Hence, we can also get $x^{k}\rightarrow x^{*}$ as follows from $p^{k+1}-p^{k}\rightarrow 0$ and $y^{k+1}-y^{*}\rightarrow 0$.

Last, due to Assumption 3.2 and the assertion (iii) of Definition 2.2, we have

$$ \begin{aligned} 0= {}&-M^{T}p^{*}+M^{T}p^{*} \\ \in{} & \partial f \bigl(x^{*} \bigr)+M^{T}\partial g \bigl(y ^{*} \bigr) \\ ={}&\partial f \bigl(x^{*} \bigr)+M^{T}\partial (g) \bigl(Mx^{*} \bigr) \\ ={}&\partial (f \bigl(x ^{*} \bigr)+g \bigl(Mx^{*} \bigr), \end{aligned} $$

i.e., $x^{*}$ is a critical point of $f(x)+g(Mx)$, then $x^{*}$ is the solution of (1) because of the convexity of $f(x)+g(Mx)$ and $x^{k}$ converges to an optimal solution of $f(x)+g(Mx)$. □

Remark 2

The boundedness assumption of the iterative sequence $x^{k}$ can be verified if one of the following three conditions is satisfied: (a) $\sigma _{1}=\rho _{1}-\rho _{2} \Vert M \Vert ^{2}-\mu >0$; (b) M has full column rank; (c) f is coercive.

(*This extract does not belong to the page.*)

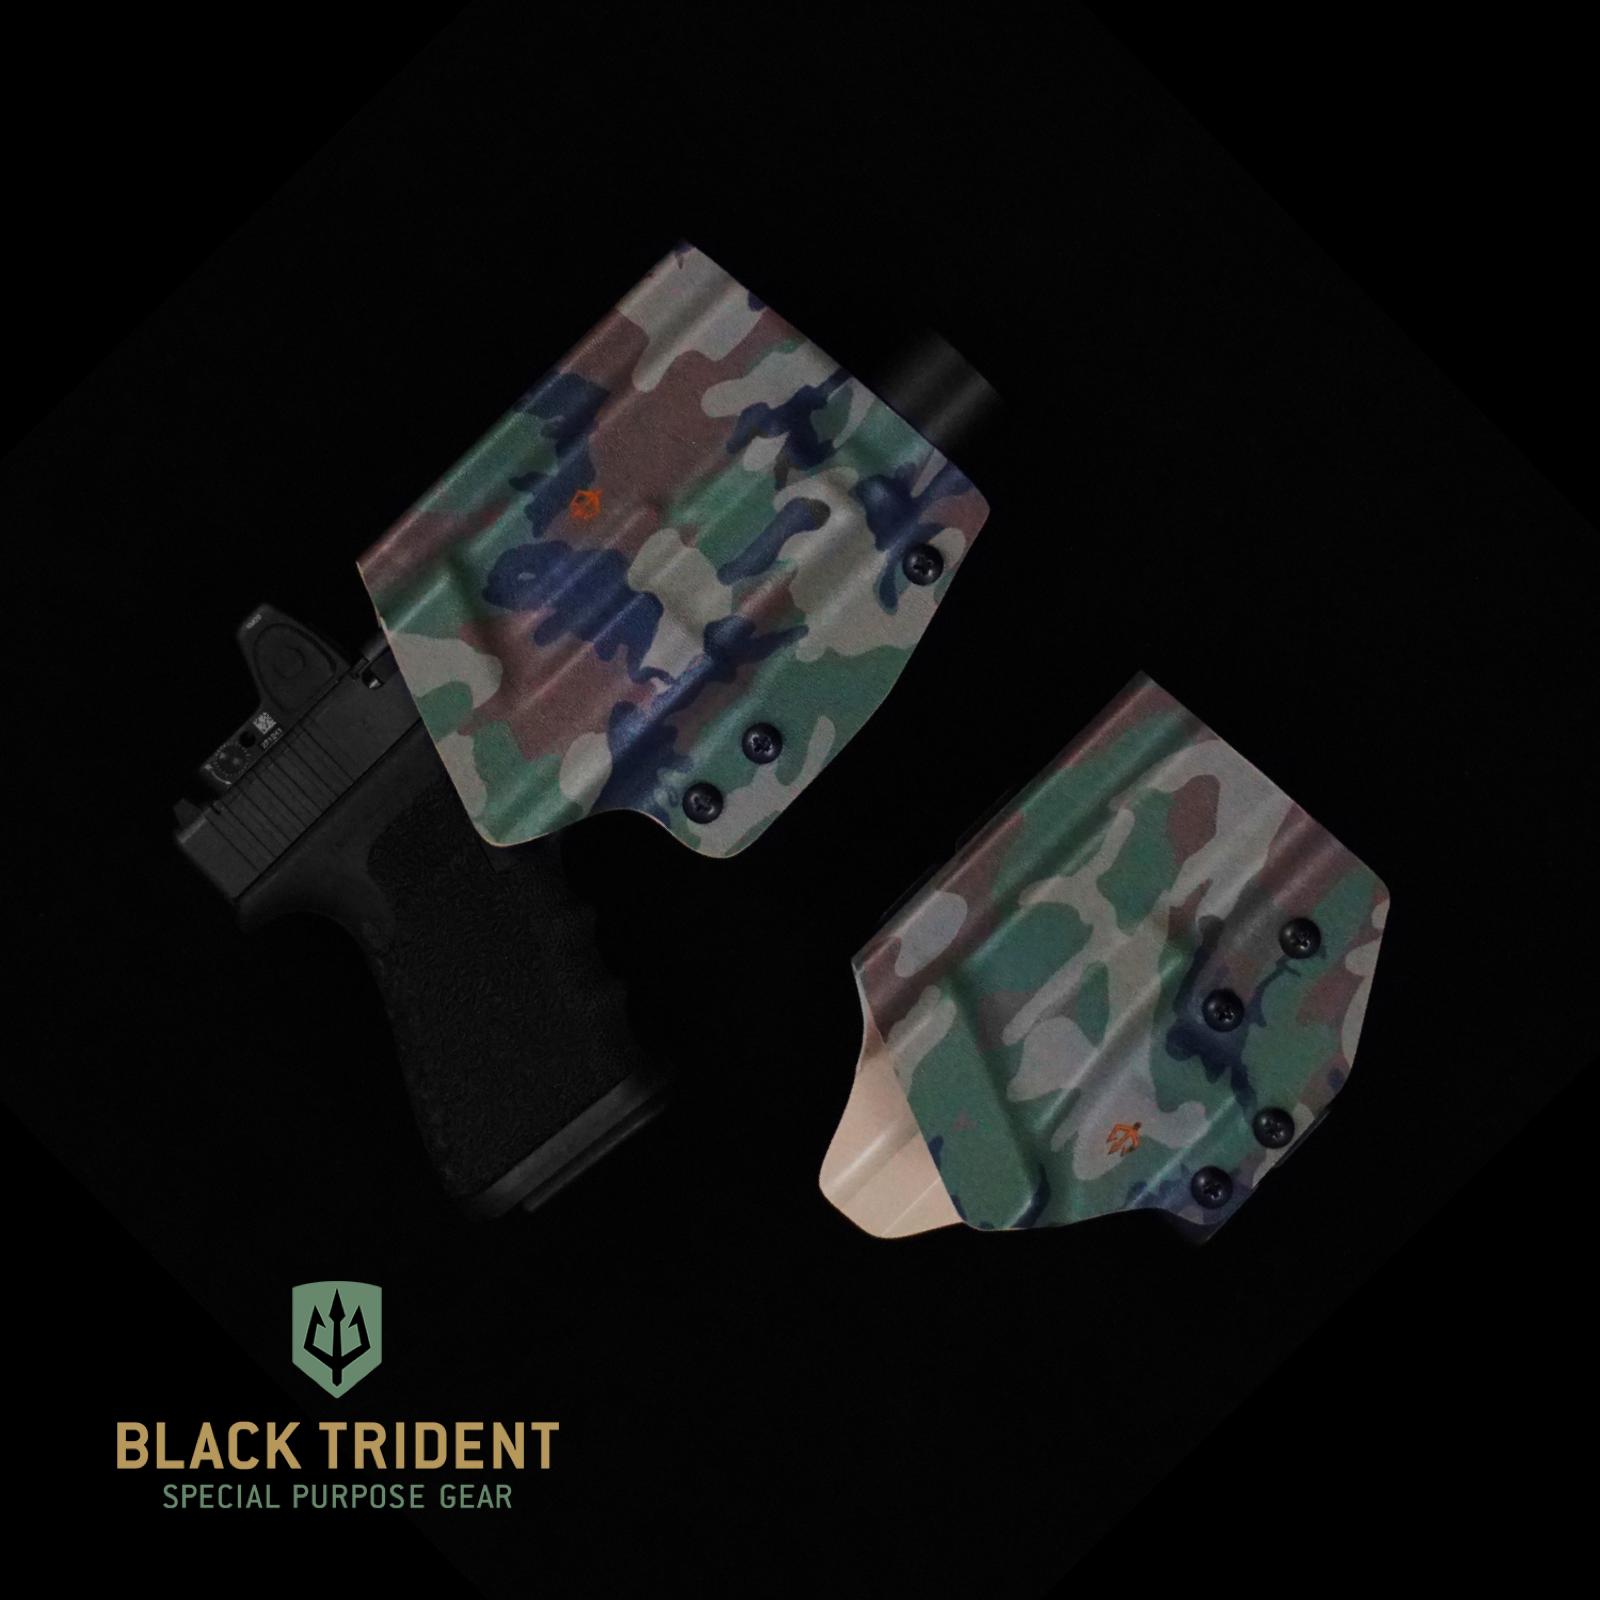 Thor OWB Custom Holster Series für Licht-/Lasermodule | von Black Trident

How to tune the penalty parameter ρ in ADMM is a big issue and we expect the domain range of parameter ρ to be tuned to be as wide as possible; however, in most cases (even for convex ADMM algorithm), we have to accept the fact that only a relatively smaller range of ρ can be available. In general, we have the largest range (i.e. $(0,+\infty )$) of ρ to two-blocks convex optimization problems. For multi-block convex optimization problems, ρ has to be chosen to be larger than zero but less than a given constant, even under the assumption that one function is strongly convex as shown in [23]. In the context of nonconvexity, to ensure the sufficient descent of the selected Lyapunov function, ρ has to be larger than a constant that depends on the given regularity conditions [14‐17]. Turning to the SWCCO problem (2) addressed in this paper, we will set ρ to be larger than at least twice the weakly convex modulus, i.e. $\rho >2\rho _{2}$ in order to guarantee the nonincreasing of the Lyapunov function. We say this condition is necessary and the following example shows that the iterative sequence will diverge if $\rho \le 2\rho _{2}$.

Example 3.3

Consider the optimization problem

$$ \min_{x} \frac{a}{2}x^{2}- \frac{b}{2}x^{2}, $$

where $\rho _{1}=a>b=\rho _{2}>0$. We use ADMM (3) to solve this question, which is equivalent to

$$ \textstyle\begin{cases} \min_{x,y}\frac{a}{2}x^{2}+(-\frac{b}{2})y^{2},\\ \textit{s.t.}\quad x=y. \end{cases} $$

Note that $\frac{a}{2}x^{2}$ is strongly convex with modulus a and $(-\frac{b}{2})y^{2}$ is weakly convex with modulus 1, respectively. Therefore, from ADMM (3), we can get

$$\begin{aligned} &0=ax^{k+1}+p^{k}+\rho \bigl(x^{k+1}-y^{k} \bigr); \\ &0=-by^{k+1}-p^{k+1}; \\ &p ^{k+1}=p^{k}+\rho \bigl(x^{k+1}-y^{k+1} \bigr). \end{aligned}$$

Rearranging the above equations, we get

$$ y^{k+1}=\frac{1}{\rho -b} \biggl(\rho \frac{b+\rho }{a+\rho }-b \biggr)y^{k}. $$

It is obvious that $y^{k}$ will diverge if $\vert \frac{1}{\rho -b}(\rho \frac{b+ \rho }{a+\rho }-b) \vert >1$. Next, we let $a\rightarrow \infty $ and $\rho \in (b,2b)$, we can get $\vert \frac{1}{\rho -b}(\rho \frac{b+\rho }{a+ \rho }-b) \vert >1$, so $y^{k}$ diverges.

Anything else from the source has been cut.